The following is a simple Greenlet code.

From Greenlet import Greenletdef test1 ():    print    gr2.switch ()    print 34def test2 ():    print    Gr1.switch ()    Print 78gr1 = Greenlet (test1) GR2 = Greenlet (test2) Gr1.switch ()

The currently discussed process is generally supported by programming languages. At the moment I know that the languages available for the support include Python,lua,go,erlang, Scala, and rust. The process is different from the thread is that the process is not the operating system to switch, but by the programmer Code to switch, that is, the switch is controlled by the programmer, so that there is no thread so-called security issues.

All of the processes share the context of the entire process, so that the interchange between the threads is also very convenient.

Compared to the second scenario (I/O multiplexing), the program that uses the co-write will be more intuitive, rather than splitting a complete process into multiple managed event handlers. The disadvantage of the process may be that it cannot take advantage of multicore advantages, however, this can be solved by the way of the coprocessor + process.

The process can be used to handle concurrency to improve performance, or it can be used to implement state machines to simplify programming. I used more of the second one. Contact Python at the end of last year, learned about the concept of the Python process, and later through the Pycon china2011 contact to deal with the Yield,greenlet is also a solution, and in my opinion is a more usable scenario, especially to deal with state machine.

At present, this piece has been basically completed, the back of the time to summarize.

To summarize:

1) Multi-process can take advantage of multi-core advantages, but interprocess communication is cumbersome, in addition, the increase in the number of processes will cause performance degradation, process switching costs higher.
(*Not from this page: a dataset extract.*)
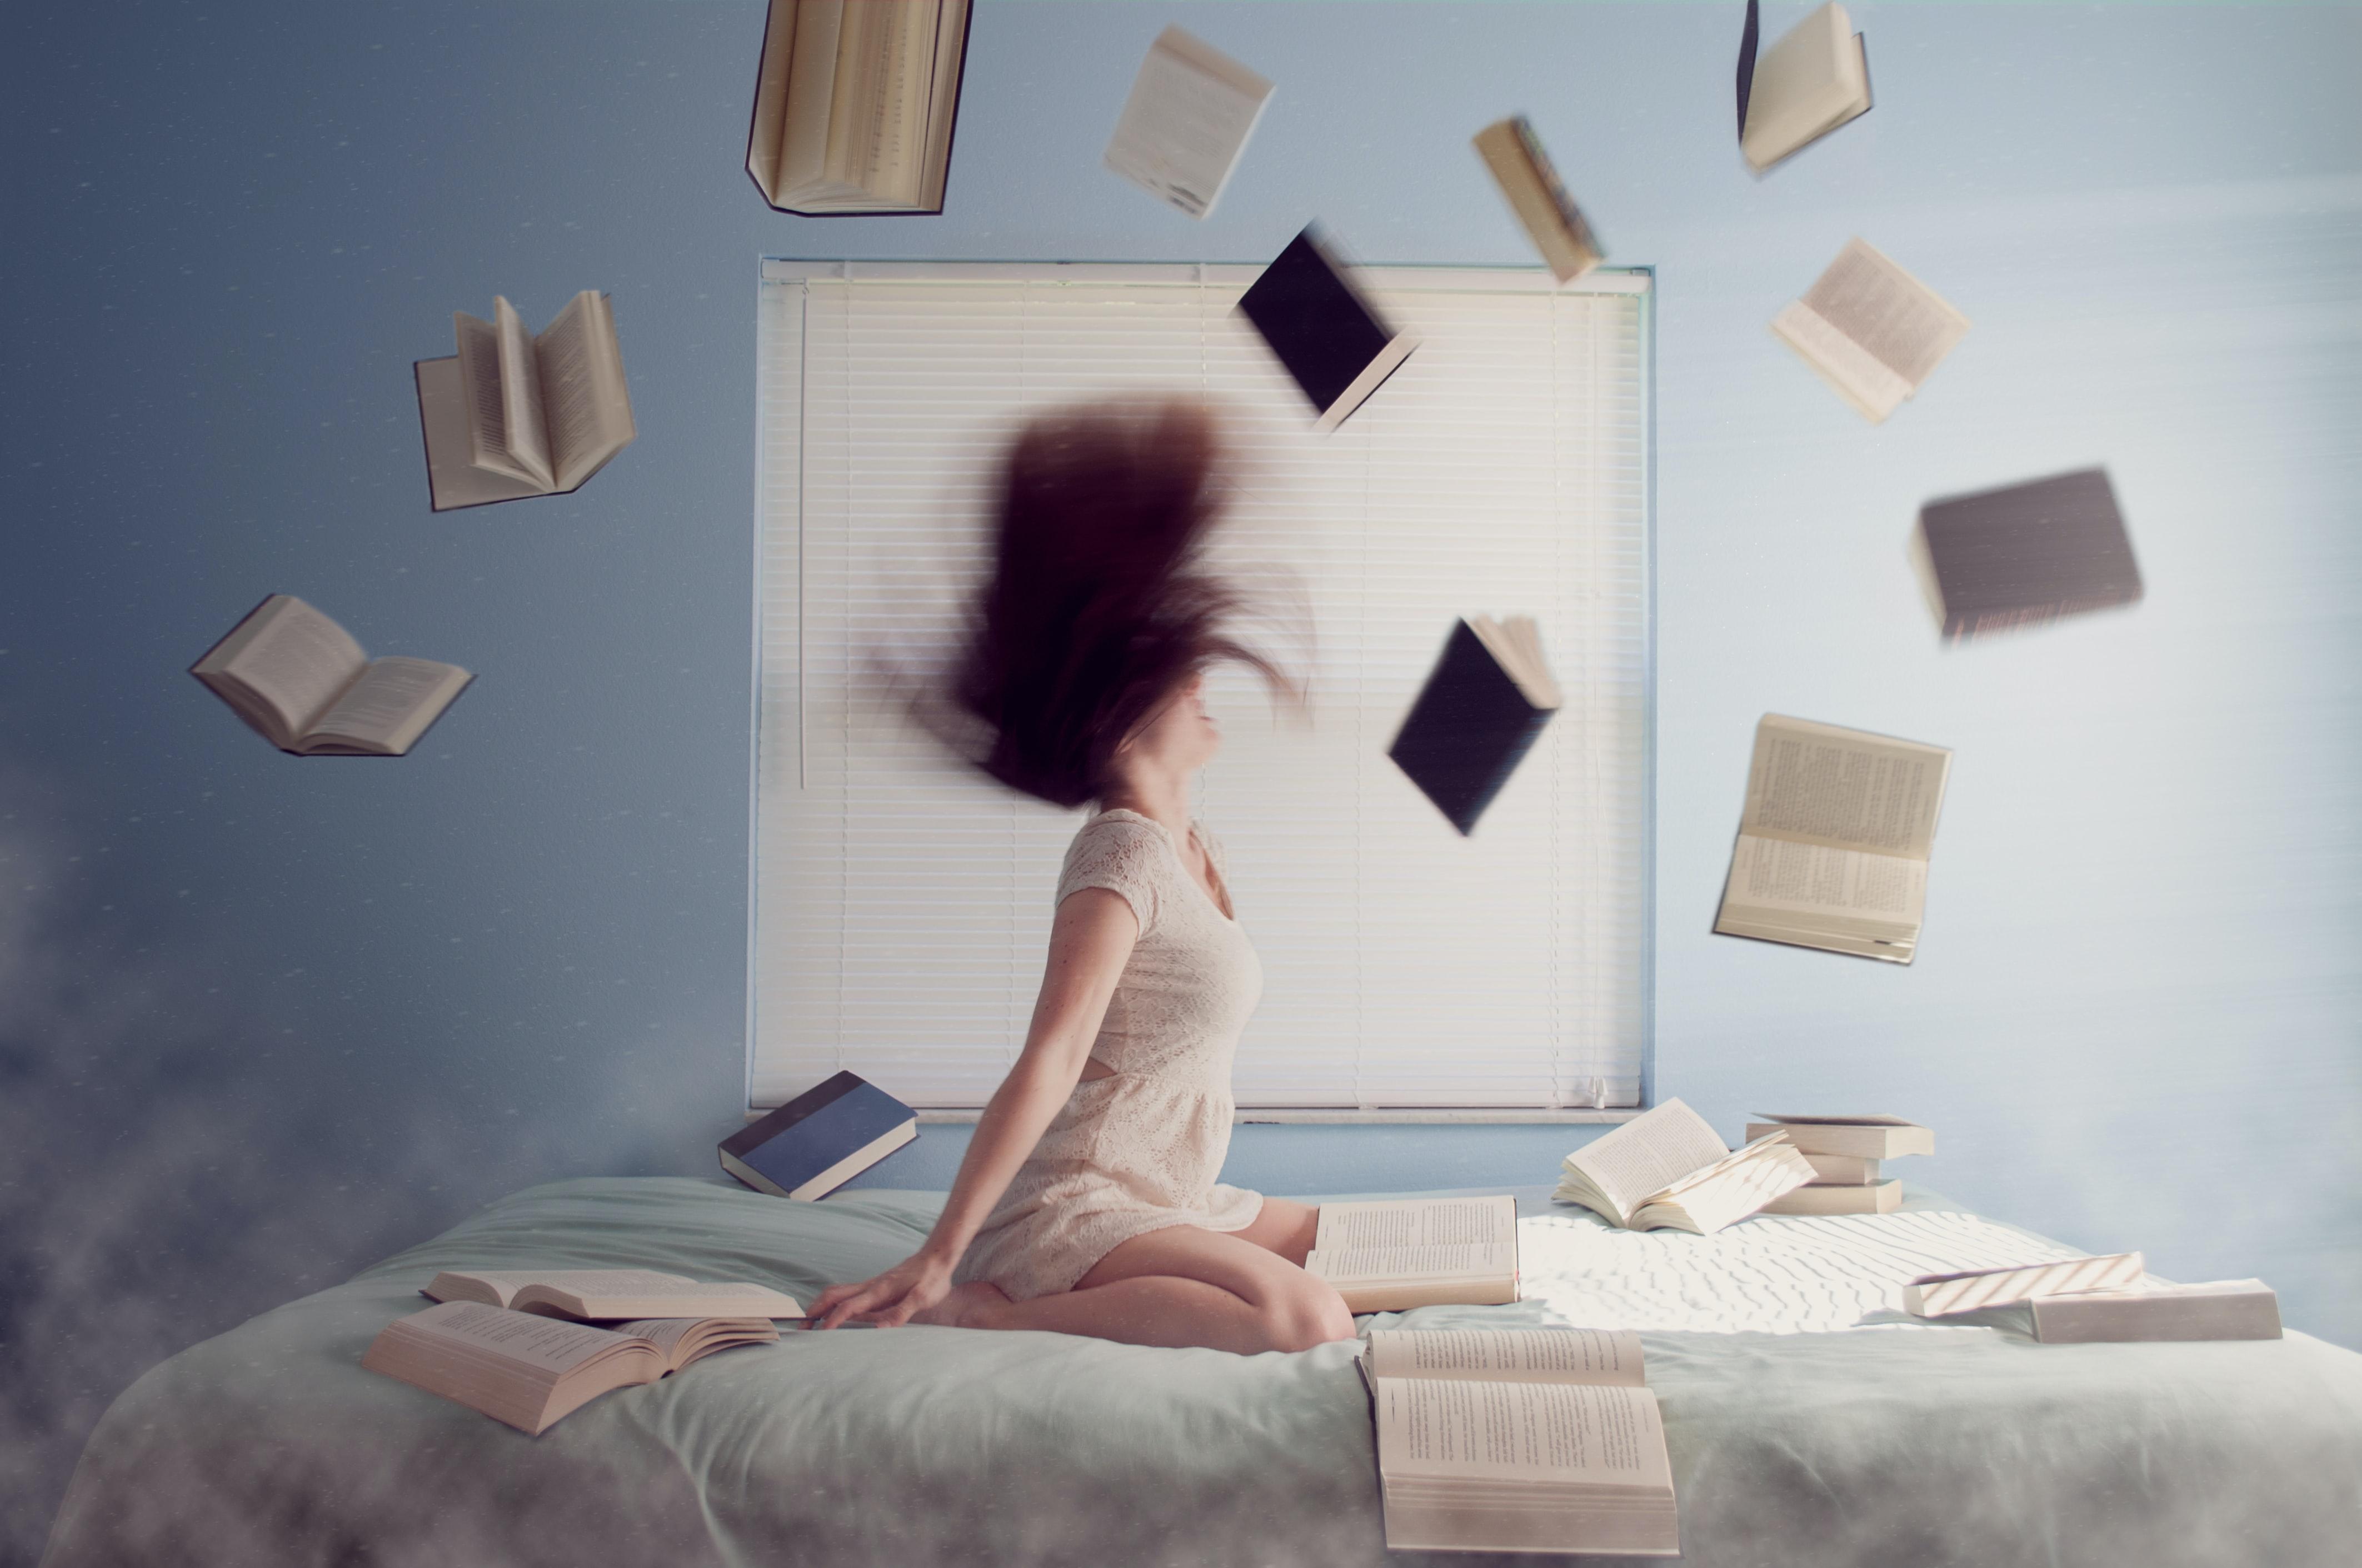 Чем больше читаете, тем крепче память. Фото: unsplash.com

Program process complexity is low relative to I/O multiplexing.

2) I/O multiplexing is the processing of multiple logical processes within a process, without process switching, high performance, and the sharing of information between processes is simple. However, the multi-core advantage can not be exploited, and the program process is cut into small pieces by the event processing, the program is complicated and difficult to understand.

3) The thread runs inside a process, is scheduled by the operating system, the switching costs are lower, and they share the virtual address space of the process, and the information is simple to share among the threads. But thread-safety issues cause the thread learning curve to be steep and error-prone.
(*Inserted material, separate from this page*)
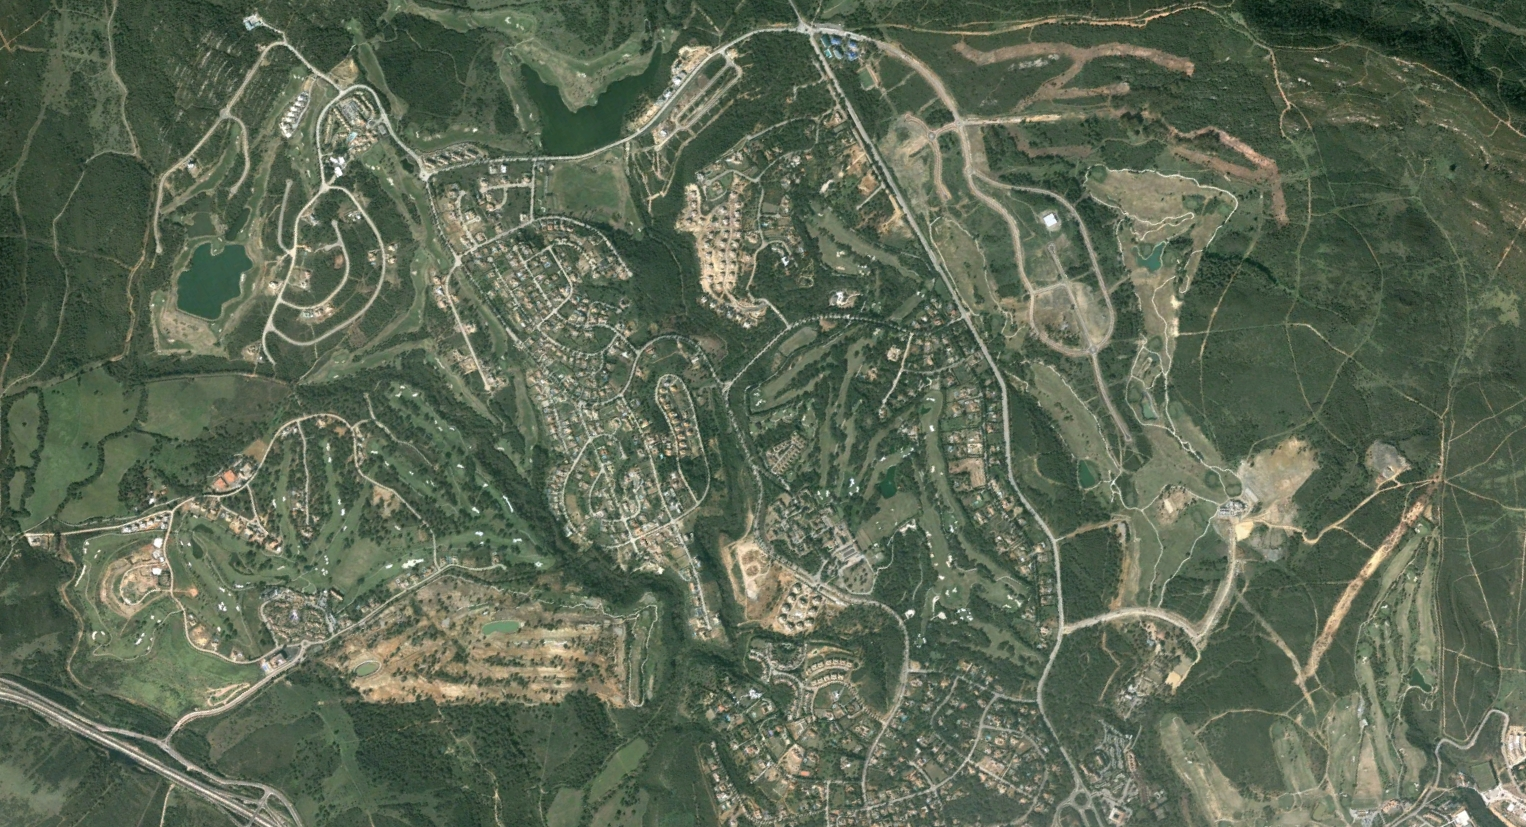 guadiaro, cádiz, ringriver, antes, urbanismo, planeamiento, urbano, desastre, urbanístico, construcción

4) The process has a programming language provided by the programmer control to switch, so there is no thread security problems, can be used to handle state machines, concurrent requests and so on. However, the multi-core advantage cannot be exploited.

The above four kinds of schemes can be used together, I am more optimistic about the process + co-operation mode

Related Article

Contact Us

The content source of this page is from Internet, which doesn't represent Alibaba Cloud's opinion; products and services mentioned on that page don't have any relationship with Alibaba Cloud. If the content of the page makes you feel confusing, please write us an email, we will handle the problem within 5 days after receiving your email.

If you find any instances of plagiarism from the community, please send an email to: info-contact@alibabacloud.com and provide relevant evidence. A staff member will contact you within 5 working days.

A Free Trial That Lets You Build Big!

Start building with 50+ products and up to 12 months usage for Elastic Compute Service

  • Sales Support

    1 on 1 presale consultation

  • After-Sales Support

    24/7 Technical Support 6 Free Tickets per Quarter Faster Response

  • Alibaba Cloud offers highly flexible support services tailored to meet your exact needs.